Task brief:
Retype, exactly and completely, the listing that comes next, skipping its images.

Given information:
===

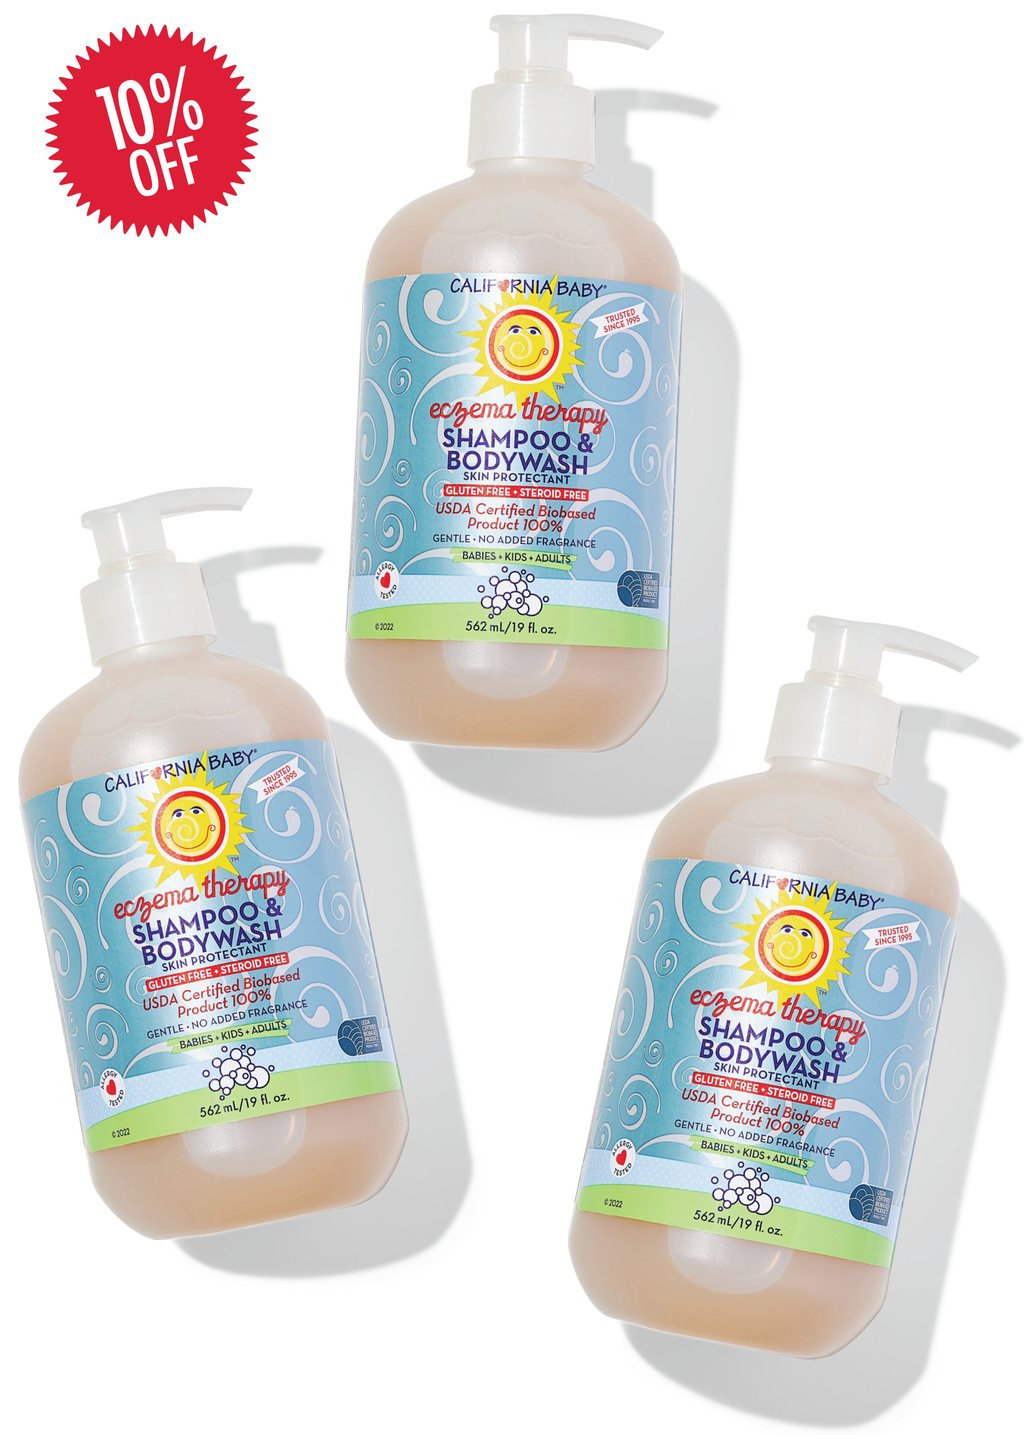 Therapeutic Relief™ Eczema & Bodywash Shampoo
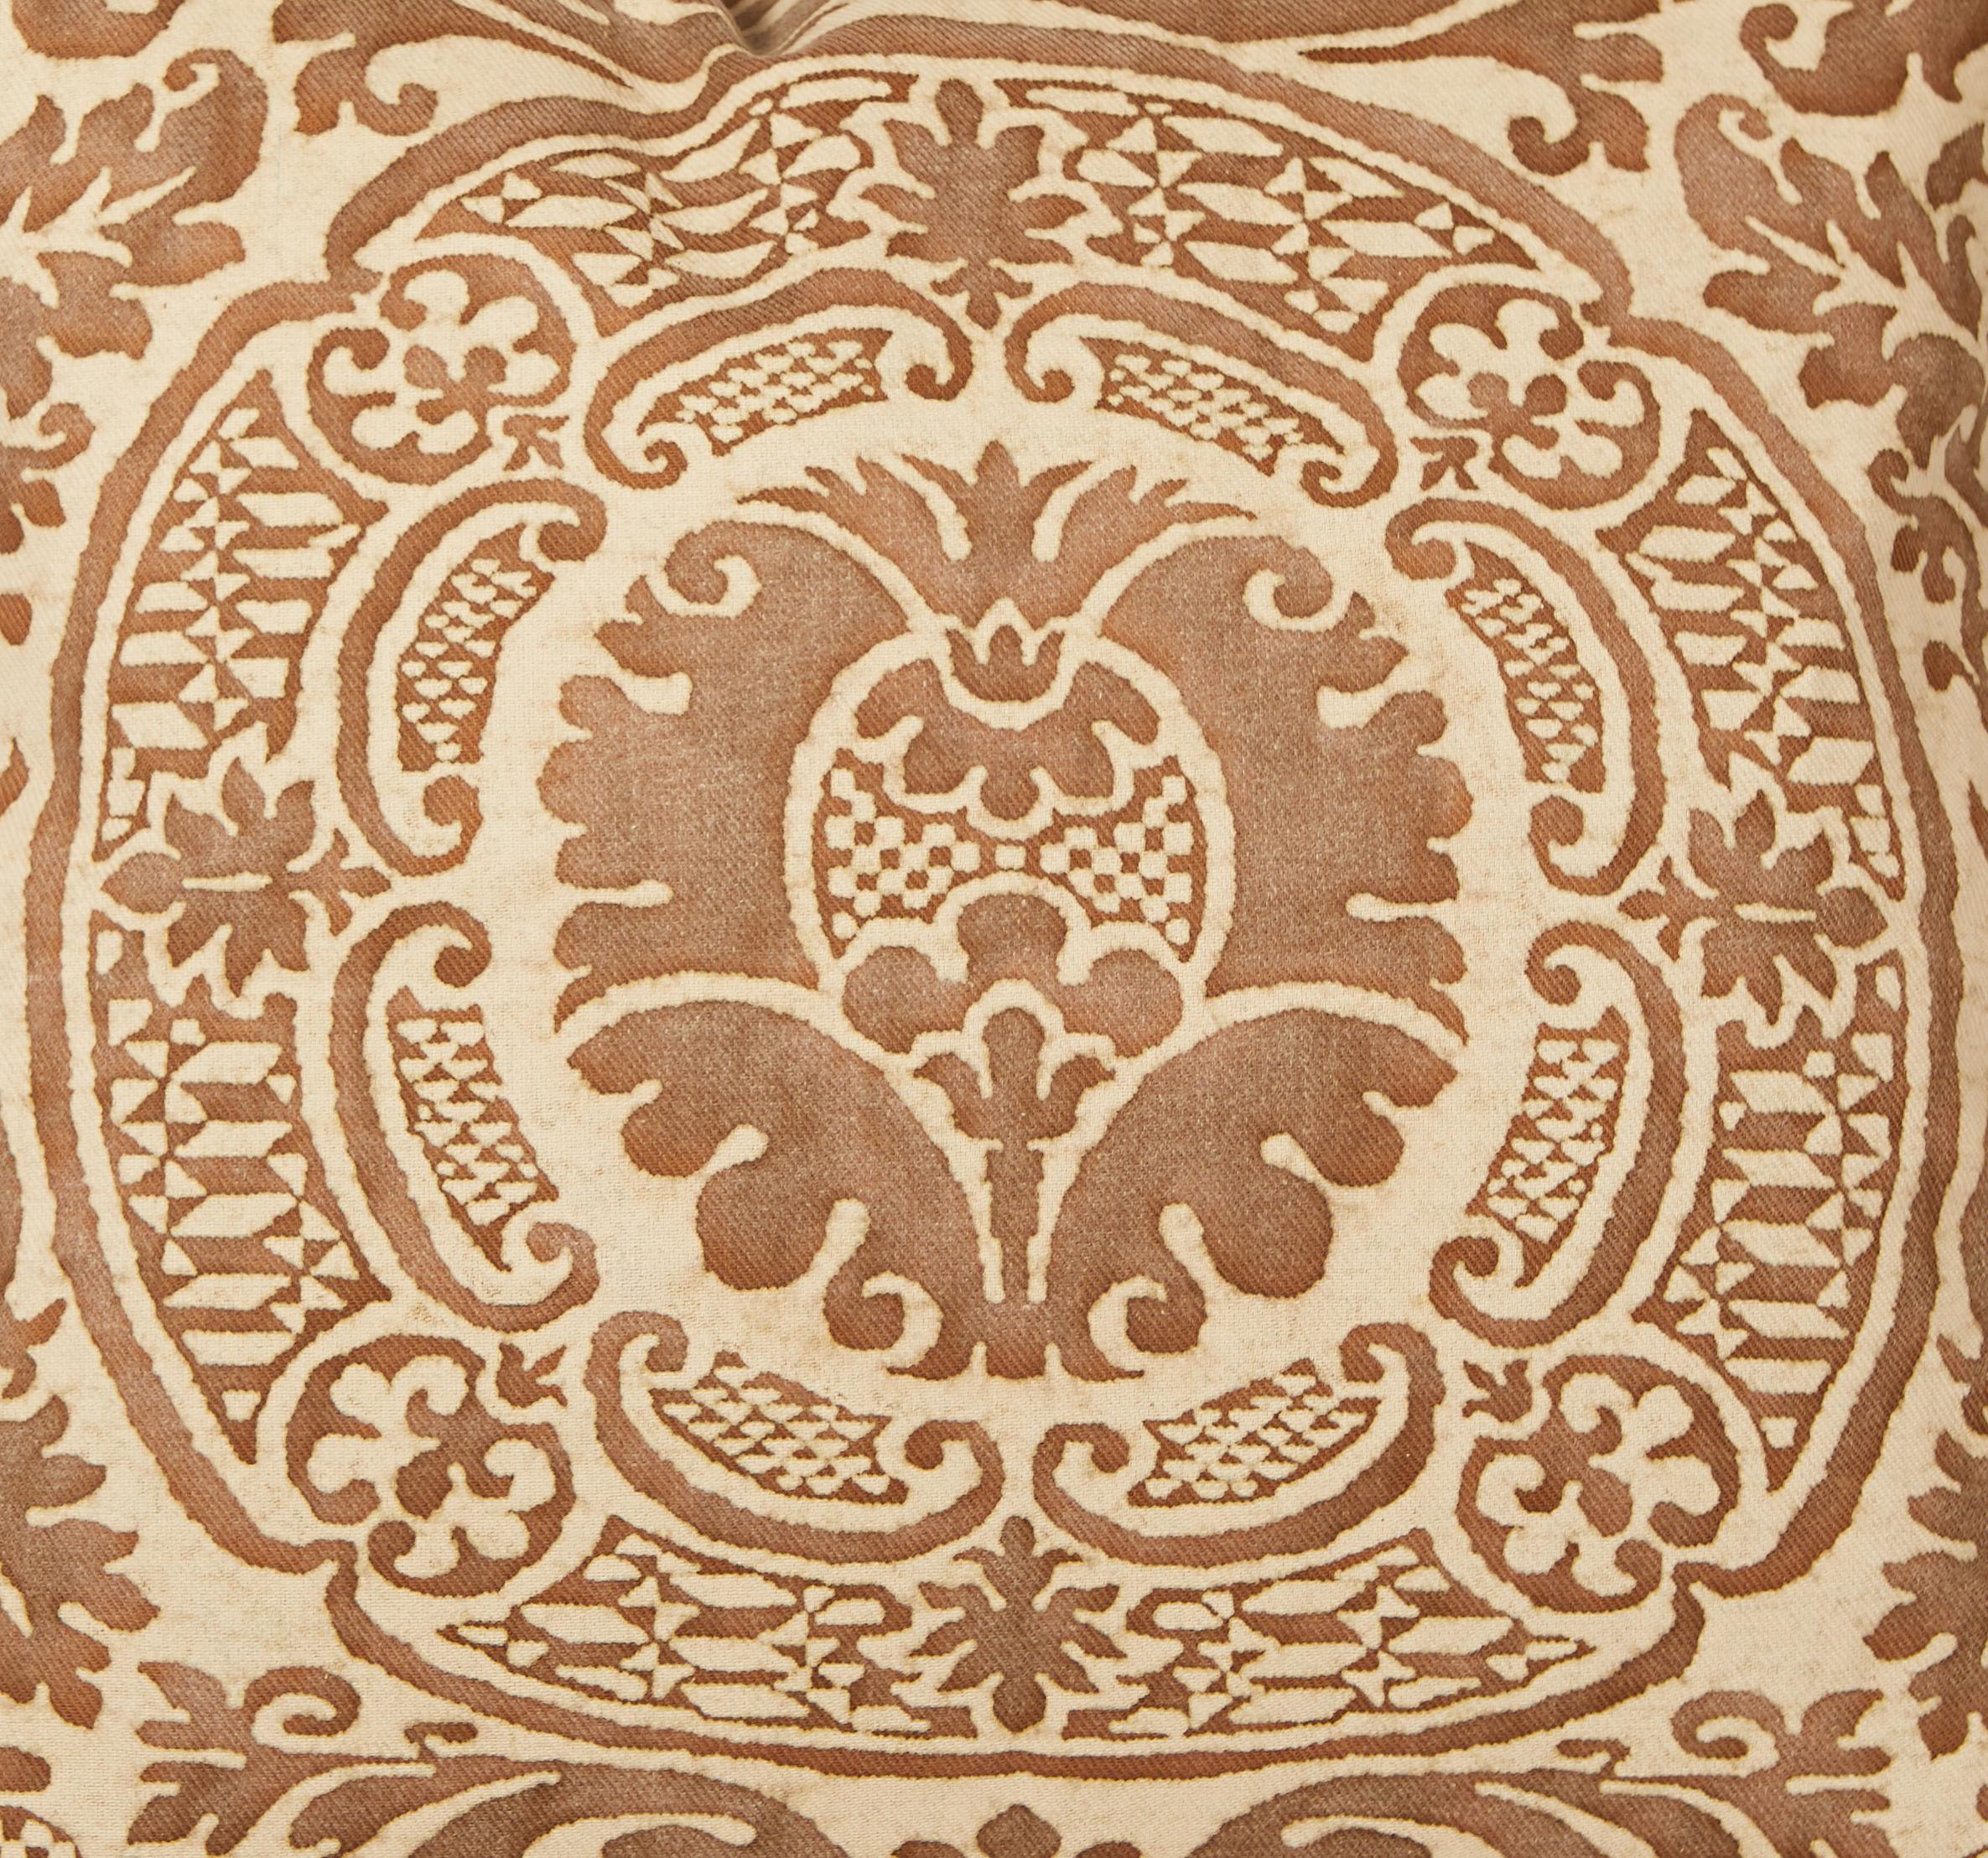 Une paire de coussins en tissu de Fortuny dans le motif Orsini. Le motif Orsini, qui présente une magnifique palette de couleurs marron et beige, est un motif italien du XVIIe siècle qui doit son nom à l'une des familles princières les plus
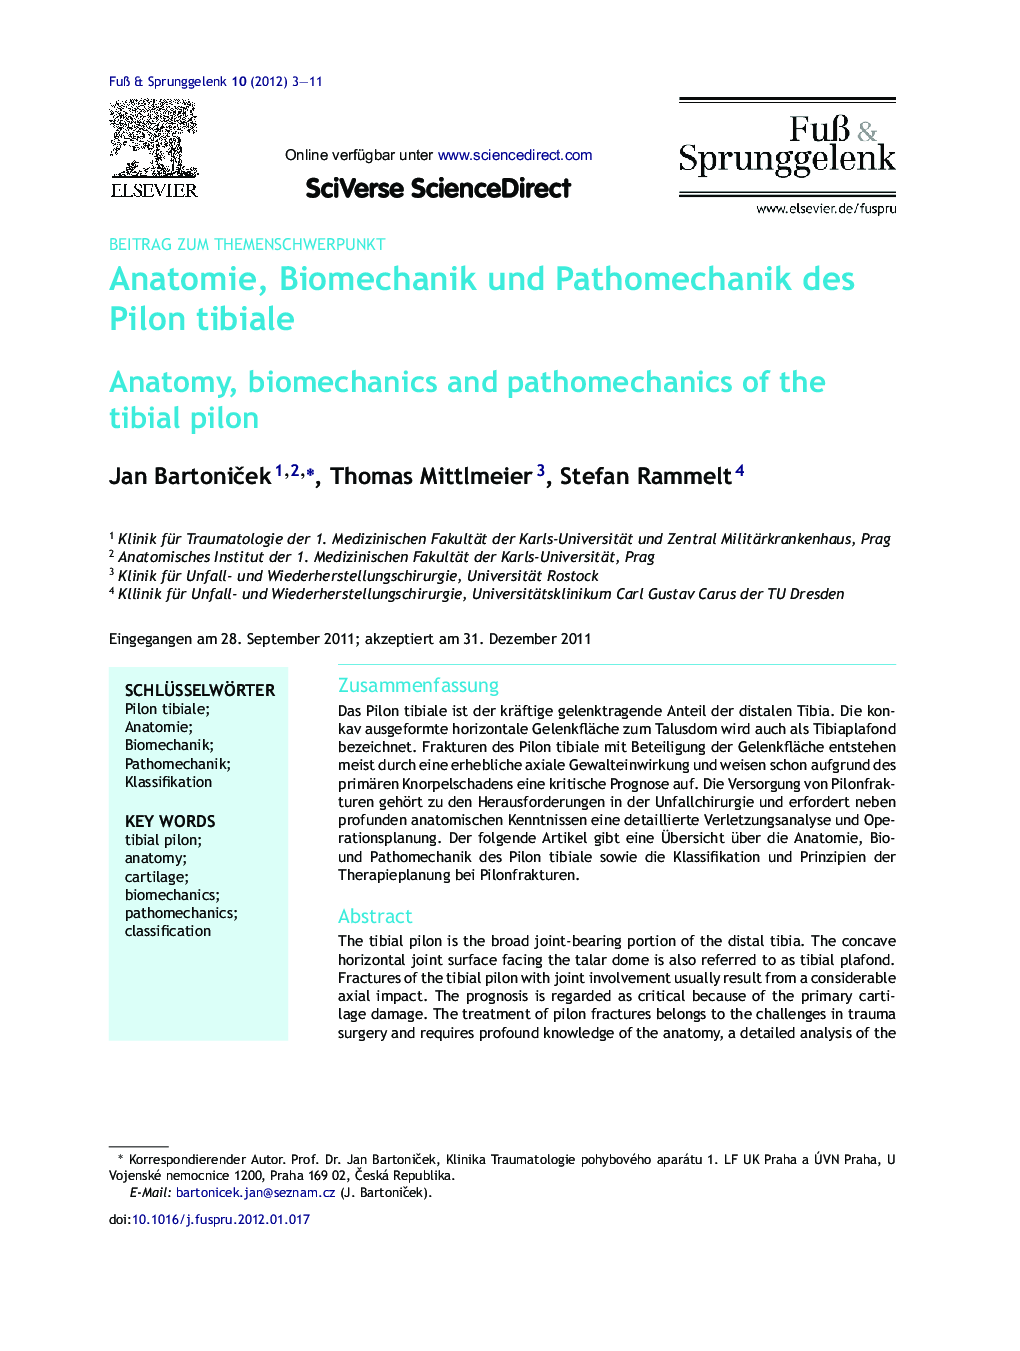 Anatomie, Biomechanik und Pathomechanik des Pilon tibiale

===

Exercise output:
 Therapeutic Relief™ Eczema & Bodywash Shampoo
 Une paire de coussins en tissu de Fortuny dans le motif Orsini. Le motif Orsini, qui présente une magnifique palette de couleurs marron et beige, est un motif italien du XVIIe siècle qui doit son nom à l'une des familles princières les plus
 Anatomie, Biomechanik und Pathomechanik des Pilon tibiale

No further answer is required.